Although all 31 flats were initially managed by the freeholder, some blocks were now managed by Right to Manage companies. For most of the period in dispute, the landlord was managing and incurring expenditure in respect of only 24 flats, which included the block where the tenant lived.
The landlord issued an application for determination of reasonableness and payability of service charges demanded from 2009 to 2017. The tenant sought permission to appeal the First-Tier Tribunal’s decision and permission was granted for the tenant to appeal only in respect of the validity of the service charge demands.

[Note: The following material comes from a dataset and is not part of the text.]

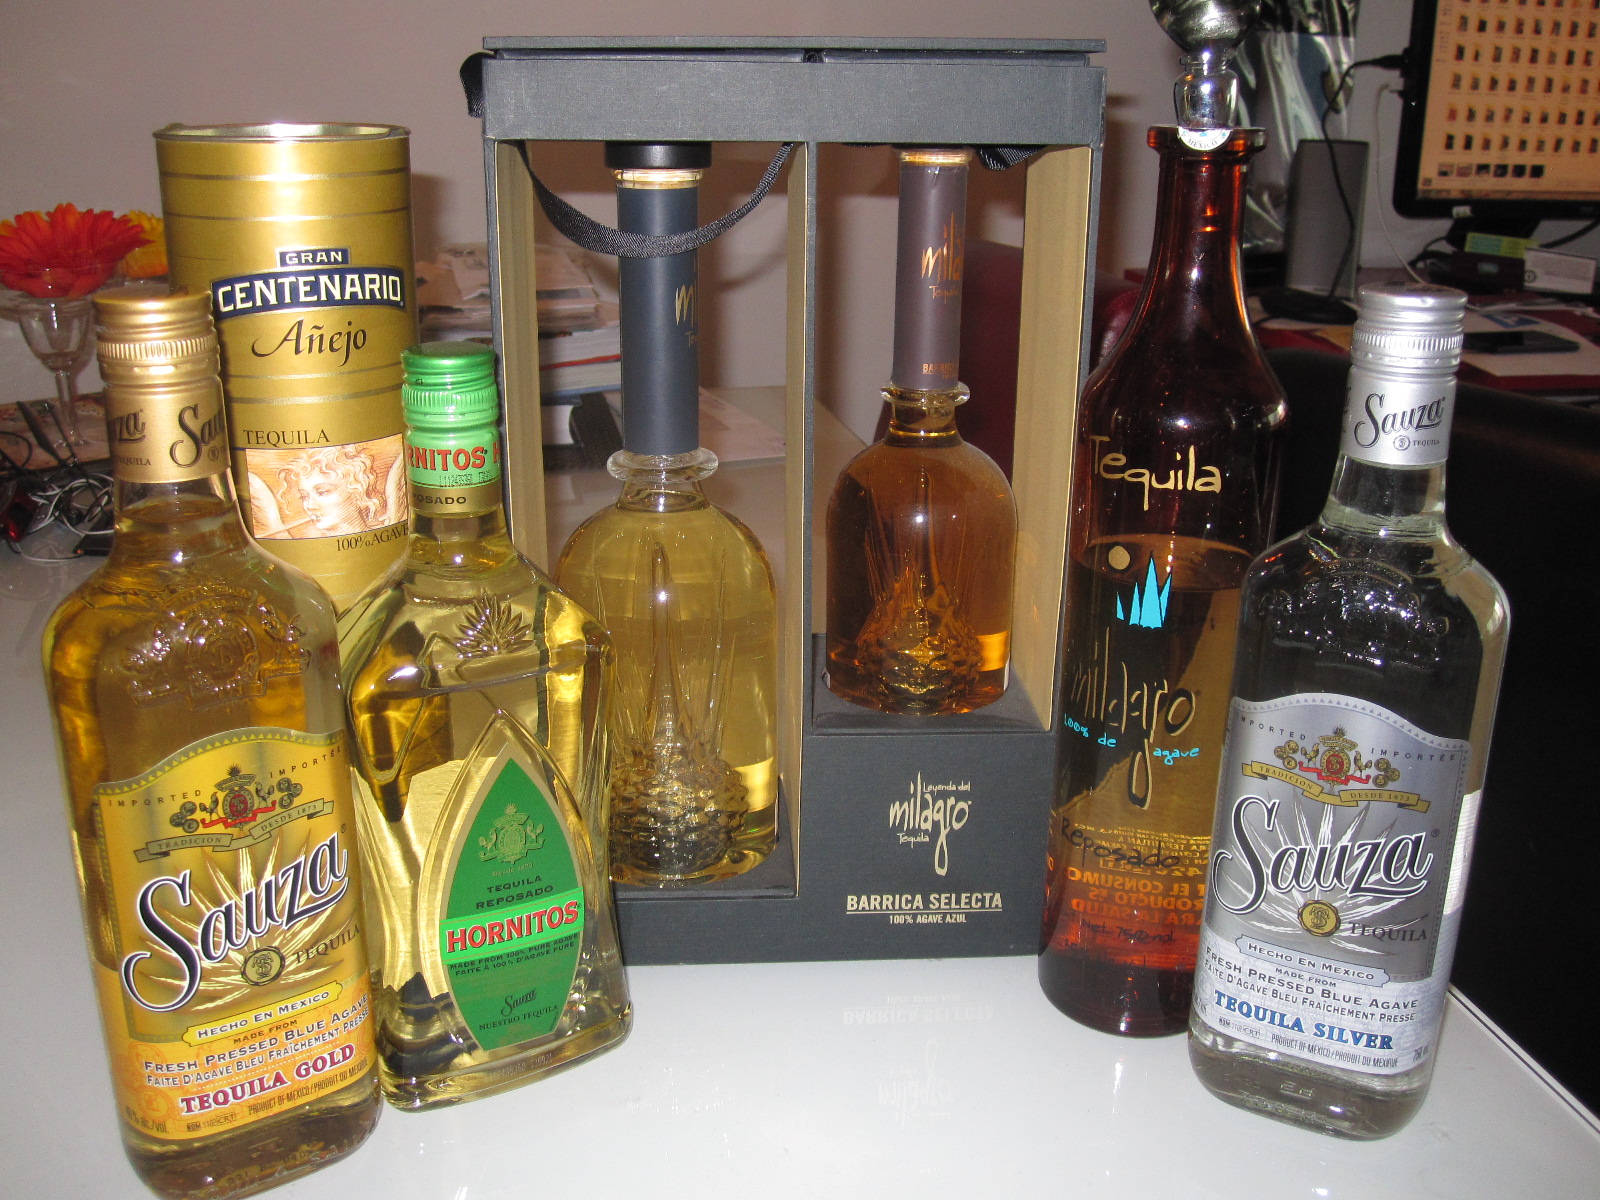 Hornitostequila E Outras Tequilas Mexicanas Diferentes. Papel de Parede
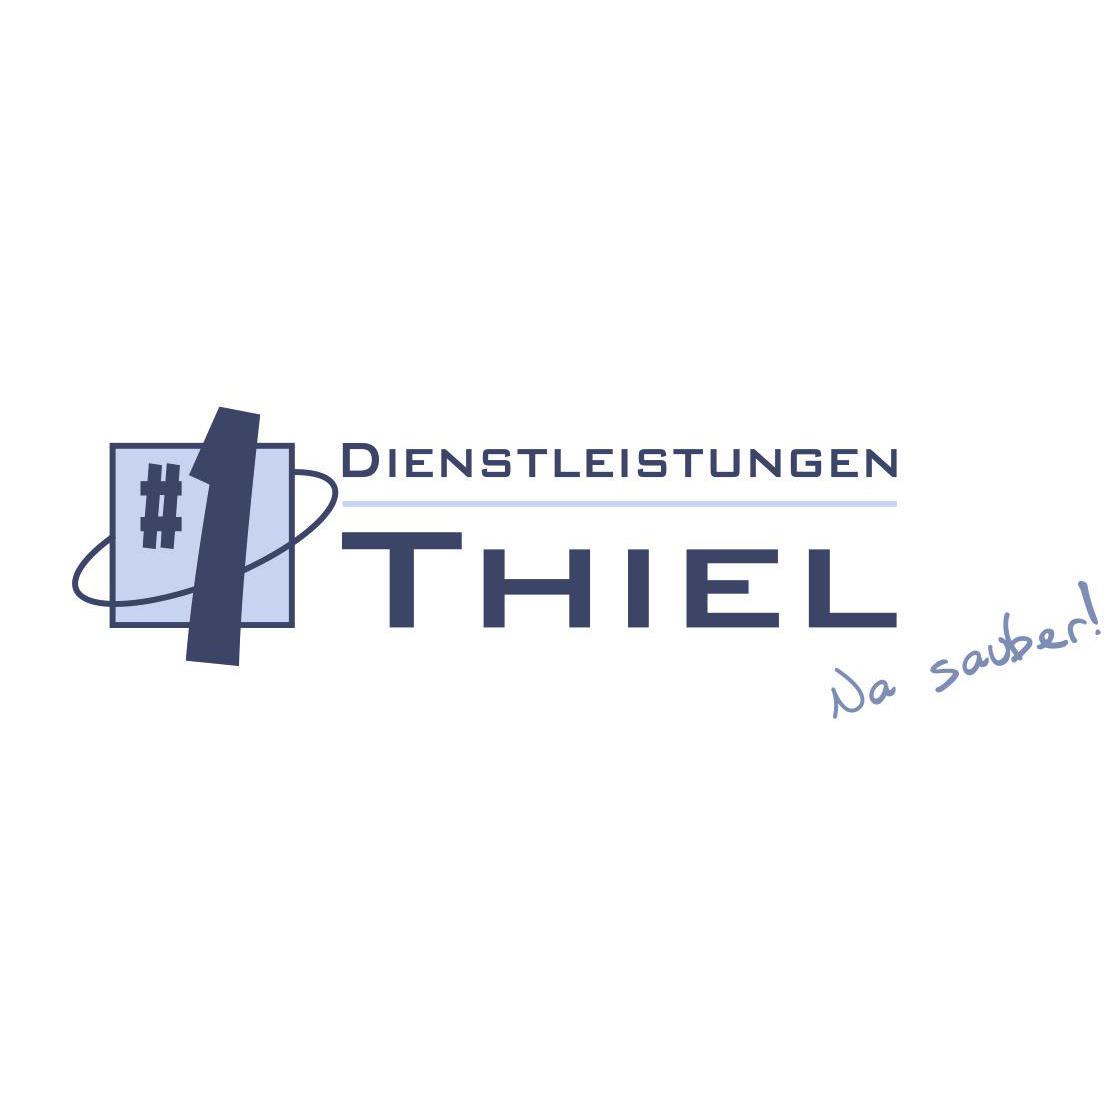 No.1 Dienstleistungen Thiel GmbH & Co. KG

The appeal was therefore only concerned with this aspect.
Although the demands said nothing about the way the service charges were calculated, it was clear from the budget calculations for year 2014 onwards that the landlord was charging the tenant 1/24th of the total expedite in respect of development costs and was accepted that this proportion was charged for all years in question. The tenant argued that the demands were invalid because they failed to comply with the provisions of the lease, in that it asked her to pay 1/24th of costs incurred for providing services to the development, instead of 1/31st as mentioned in the lease. This was the only argument raised by the tenant.
The tenant further argued that, as the demands were invalid, the Tribunal’s jurisdiction to determine a reasonable service charge under s.27A did not arise.
The landlord accepted that they could only recover 1/31st from the tenant in the absence of an application under s.35 Landlord and Tenant Act 1985 to vary the lease and argued that the demands were valid and that the FTT was correct to reduce the charge in each case to 1/31st when exercising their jurisdiction to determine a reasonable service charge. The UT agreed with the landlord and held that there was no formal invalidity on the face of the demands. It could only be seen from the budget calculations that the sums charged were too high, a fact which the landlord accepted. The UT held that the demands did in fact seek payment of sums unrecoverable under the lease, in that the sums charged were in excess of the proportion for which the tenant was liable, therefore the FTT was right to reduce the sums payable to only what was recoverable under the lease, namely a 1/31st proportion of development costs.